Remarkably, as the rugby fan I am, what has leaked out in recent days is that it appears that what the ARU then billed as a 'private equity buy out' when Cox's company 'bought out' the Rebels from the ARU was in fact no such thing but rather a form of cost sharing and delegated business responsibility (to Cox's company) for a period and that the ARU still guaranteed or underwrote large-scale Melbourne-based exposures to facilities, leases, stadium commitments and so on if the Rebels were closed down and/or Cox's company somehow pulled out.
If true, that is not a private equity buy-out at all, it's more a kind of one-sided joint venture with the ARU taking the vast majority of the significant still-existing franchise survival risk. As has been noted above in this thread, the ARU continues to provide very material $ subsidies to Cox's firm way above the base level of annual $ grants each franchise gets in any event from the ARU. This worrying and risky (given the ARU's already parlous overall cash position) truth also only leaked out well after the 'private equity buy out' deal was proudly announced.
This is why so tellingly Cox has recently more or less said that closing the Rebels down would cost the ARU a motza and they'd not do it for that reason alone - namely, they couldn't afford it.
I don't mean to offend Rebels fans as I have a lot of regard for their passion and loyalty, but the Rebels to date (after 6 seasons) have been a financial and performance disaster for the ARU and it's clearly not over yet.
This outcome is entirely of the ARU's own making. Yet again they indulged their intellectually and professionally lazy, poorly-researched 'national footprint' vision in thinking that as they expanded the quantity of Super rugby played, the quality of the sporting product so provided would just automatically take care of itself and the ARU needed to place no new effort into balancing quantity expansion with quality upgrades to the actual coaching, playing and management system that would have to deliver the new quantity of Super games and Super players.

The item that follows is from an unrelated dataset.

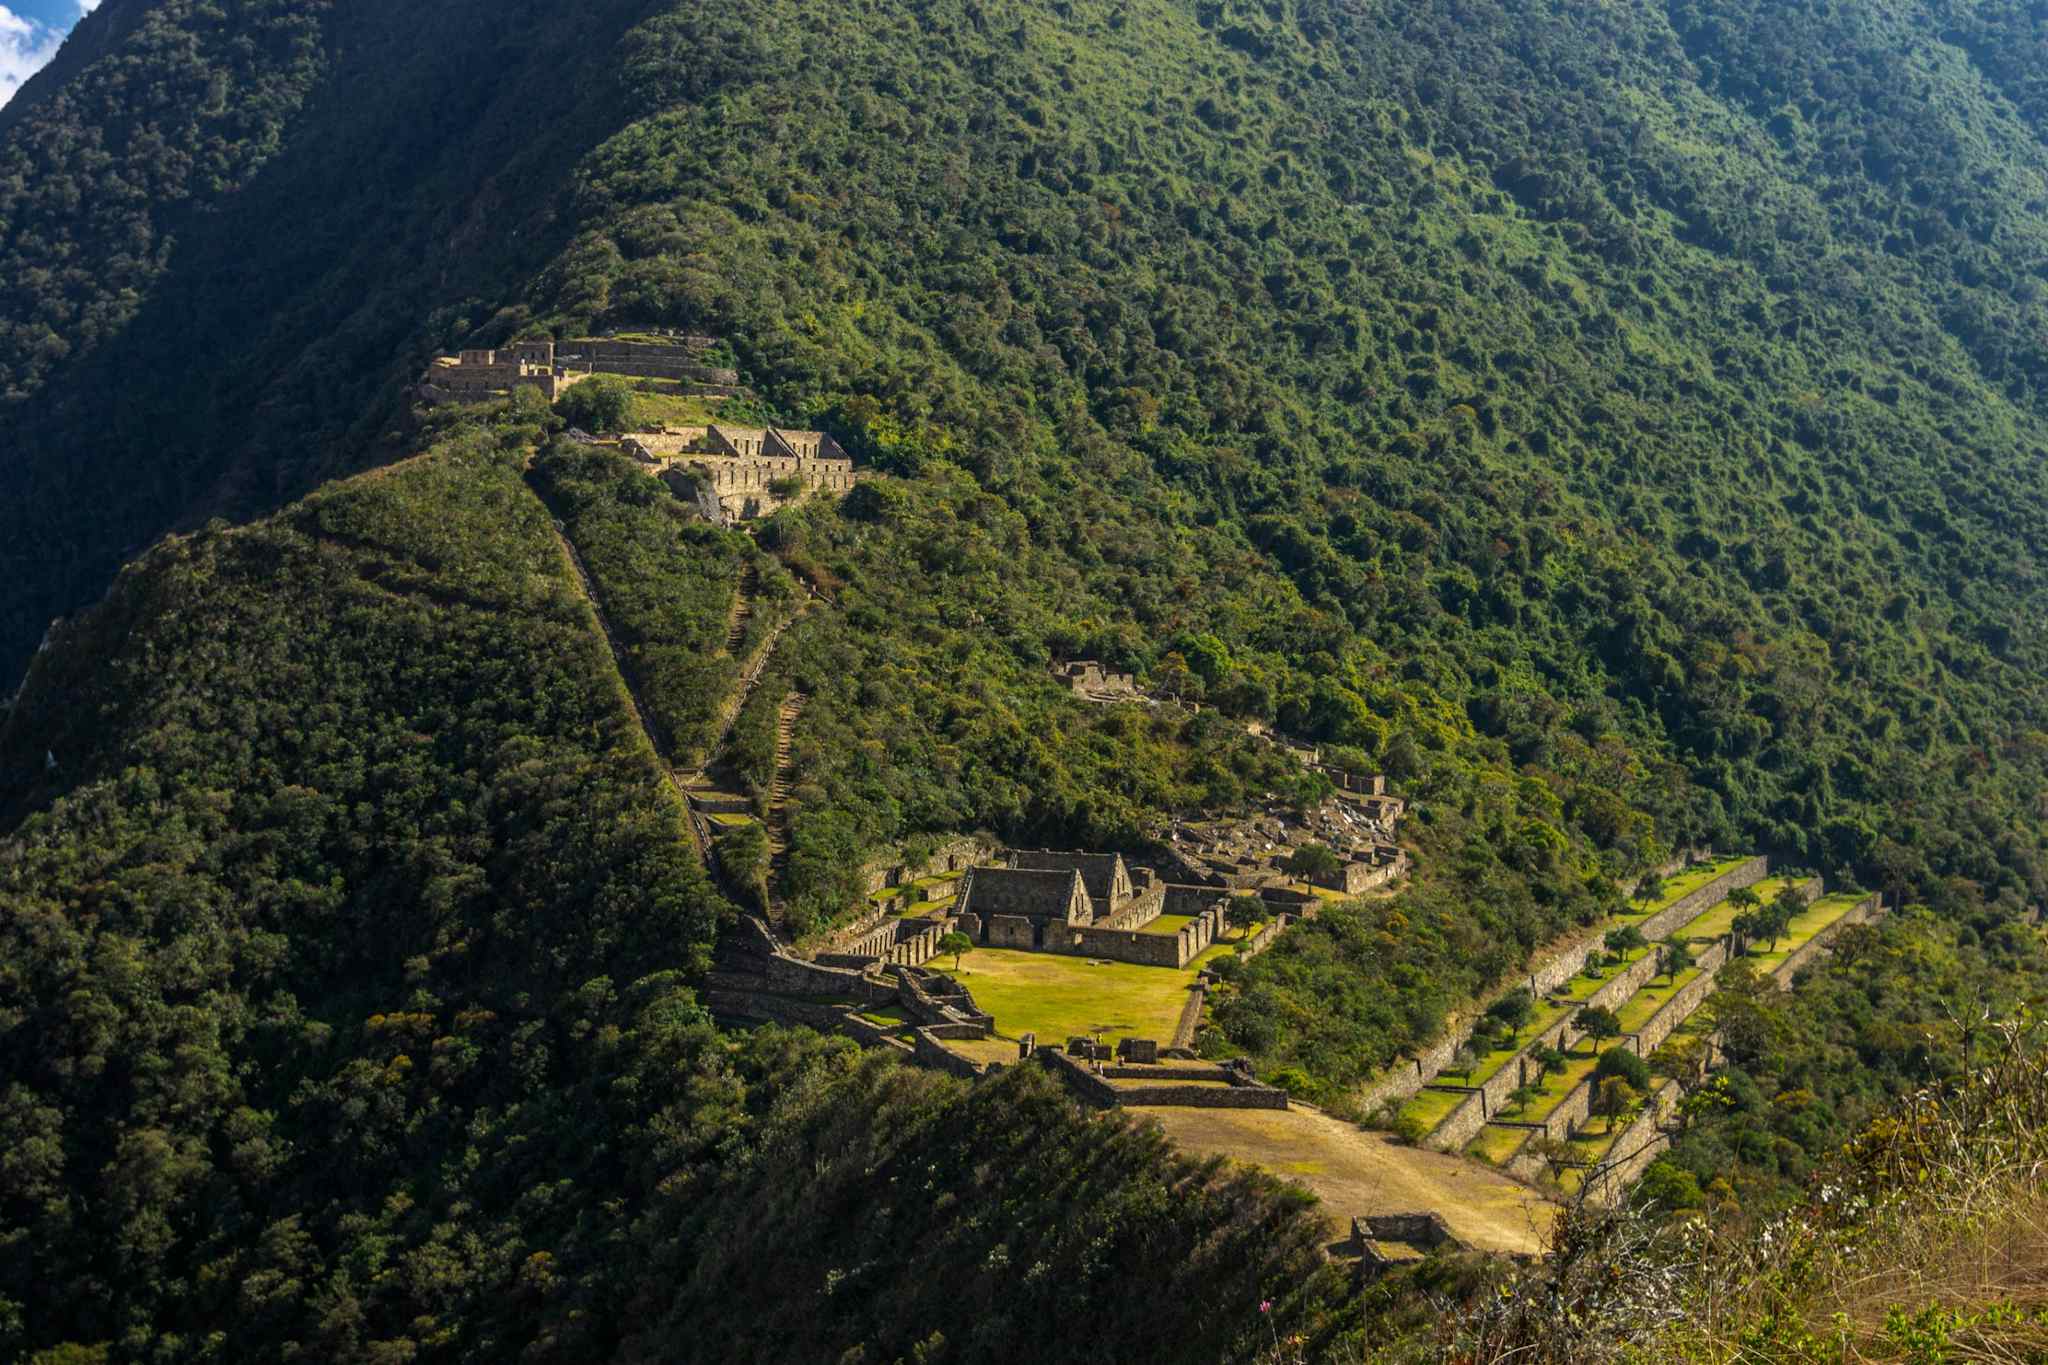 Landscape view of Choquequirao from the trail. Photo: Host/Action Treks Peru

Namely, the ARU, just as they did with the Force in 2006 and later, pursued a strategy of national quantitative growth totally bereft of execution quality, planning and detail, i.e., without real substance.
That chronic imbalance always contains massive hidden risk that ultimately explodes into a calamitous debacle dragging to disaster all who sailed in a ship in effect designed only for appearances, not high seas and long journeys.